Женщина тяжело поднялась с земли и сделала небольшой поклон, адресованный Ребекке; та ответила тем же.
— Лукреция да Бэль, Перст Магистрата, — продолжила представлять присутствующих Клэр, обозначив право записной городской ведьмы зачитывать по бумажке официальные решения своей гильдии, но не более того.
Волшебница важно поклонилась, выпрямившись раньше, чем управляющая ответила на приветствие. А затем пришла наша очередь.
— Господа Юрий да Наталия и Андрэй да Глюш, халума́ри, эсквайры.
Грузная женщина, не переставая улыбаться, смерила всех цепким взглядом, пробежавшись им по вышитым на дублетах гербам: вставший на задние лапы заяц и взявший в передние факел — у меня, и ворон с восьмёркой в виде нимба над головой — у товарища. Для Средних веков это очень важно, и если с гербом Ребекки она знакома хотя бы по справочникам и свиткам, кои регулярно обновляются, то мы были в диковинку.

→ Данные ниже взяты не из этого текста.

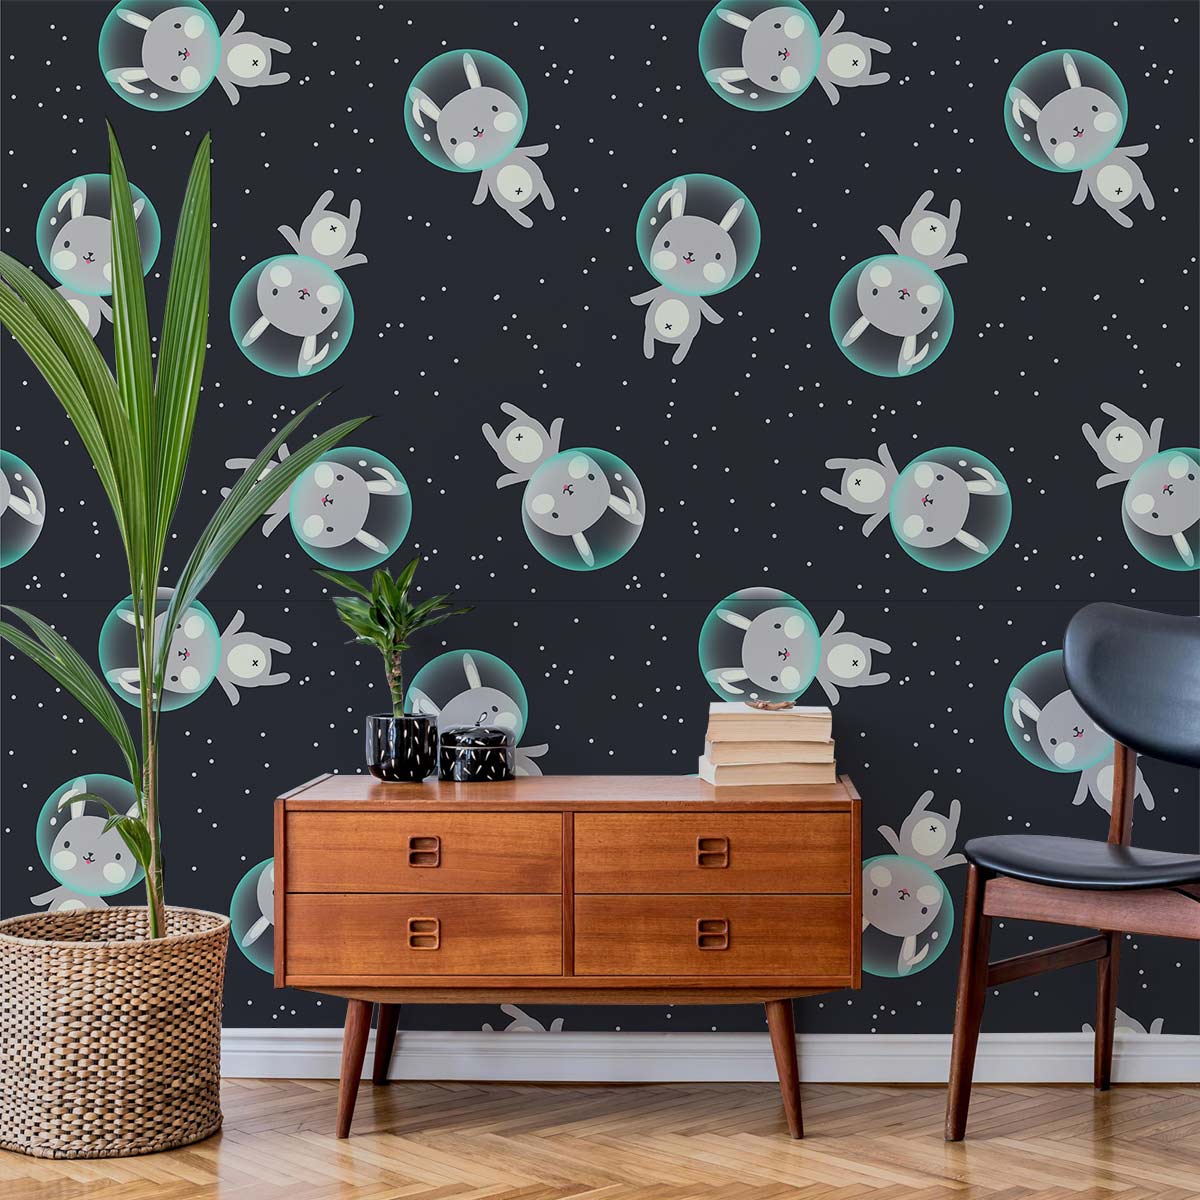 Astronaut Bunny Mural Wallpaper Home Interior Decor

Я легонько толкнул лейтенанта локтем в бок и изобразил в воздухе при помощи своего берета несколько кренделей, выполнив куртуазный поклон. Андрей поглядел на меня и попытался построить то же самое, но получилось столь коряво, что лучше бы вовсе не делал. Мы с ним занимались, но, как видно, занятия не пошли впрок.
— Радость посетила наш дом: халума́ри настолько же желанные гости, насколько редкие! — расплескалась в приторно-добрых словах управляющая и застыла с протянутой ладонью, ожидая, что ей подадут в ответ руку, позволив прикоснуться губами. Да, меня тоже в первый раз покоробило оттого, что в этом мире не мужики лобзают даму, а наоборот, но потом решил относиться к этому с иронией и юмором. Ну, а после, возможно, вообще, займусь борьбой за равноправие, как феминистки на Земле. На Реверсе это правильнее назвать маскули́ст, но слишком уж неказисто звучит, да и не подходит по внешнему признаку к местным субтильным мужичкам.
В итоге руку я не протянул, а сложил пальцы в знаке Небесной Пары и сделал медленный кивок. Вполне нейтральный ответ, в случае если дан какой-то обет, типа молчания, безбрачия или же просто скромности. А вот Андрей застыл, как истукан, косясь на меня в ожидании подсказки.
Управляющая слегка улыбнулась и выпрямилась. Затем назвала свои имя, чин и должность.
— Доми́нга да Касто́дия, эсквайра, мажордоме́сса, к вашим услугам.
Я снова кивнул. Больше никого не представили: Средневековье, со своими сословными правилами — оно такое, в нём за людей считают только равных или более знатных. Я коротко глянул на Катарину, а та понуро опустила голову: ведь ей сейчас отведена роль бессловесного инструмента. И пусть она не рабыня, а телохранительница, но всё едино неровня графине. Храмовнице наверняка было обидно, ведь, пройди она инициацию, могла бы быть на равных с волшебницей в местной табели о рангах и чинах. Тогда бы её звали не Катарина да Мариа да Ша́на-ун, а Катарина да Мариа да Ша́на-фъел, то есть верная Ша́не, преданная богине. Святые воины всегда посвящаются бессмертной деве.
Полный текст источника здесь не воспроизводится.